EXERCISE AIM: Copy the data exactly. Images are the one exception.

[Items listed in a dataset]
______________________________
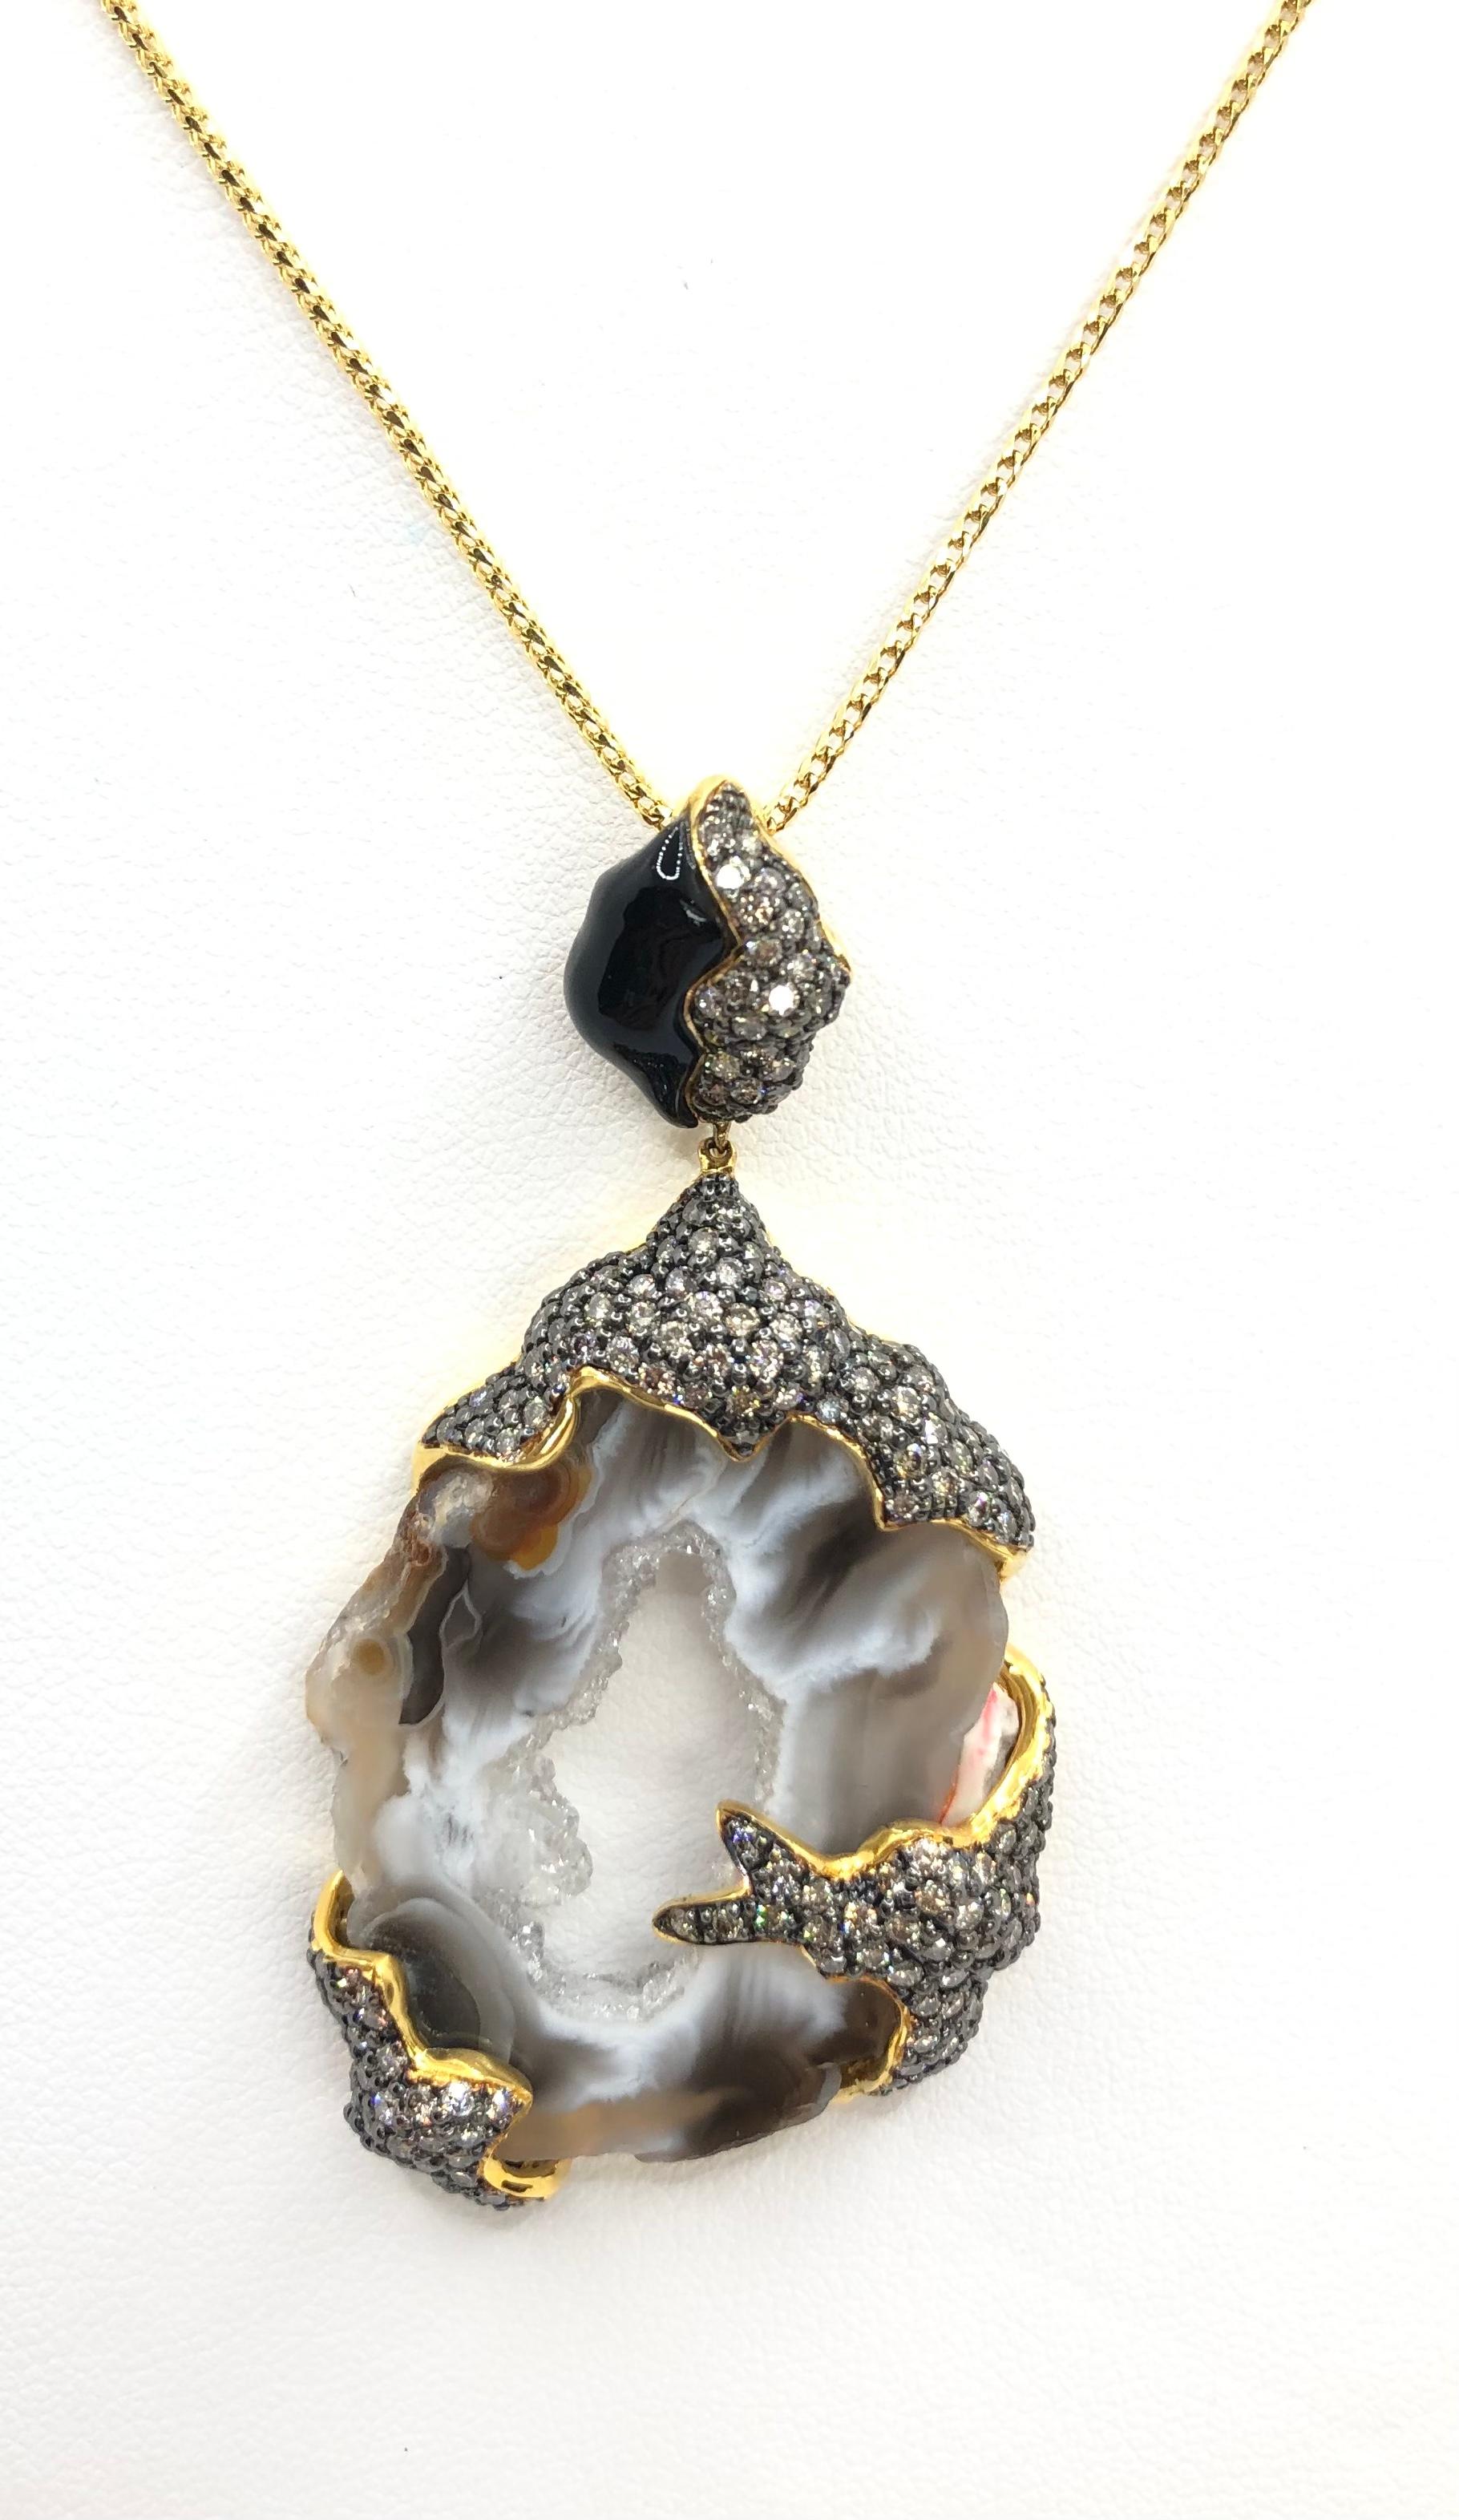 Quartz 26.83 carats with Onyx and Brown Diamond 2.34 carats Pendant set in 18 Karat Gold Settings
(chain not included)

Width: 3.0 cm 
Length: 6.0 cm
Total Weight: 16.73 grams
______________________________
SOLVED EXERCISE:
 Quartz 26.83 carats with Onyx and Brown Diamond 2.34 carats Pendant set in 18 Karat Gold Settings
(chain not included)

Width: 3.0 cm 
Length: 6.0 cm
Total Weight: 16.73 grams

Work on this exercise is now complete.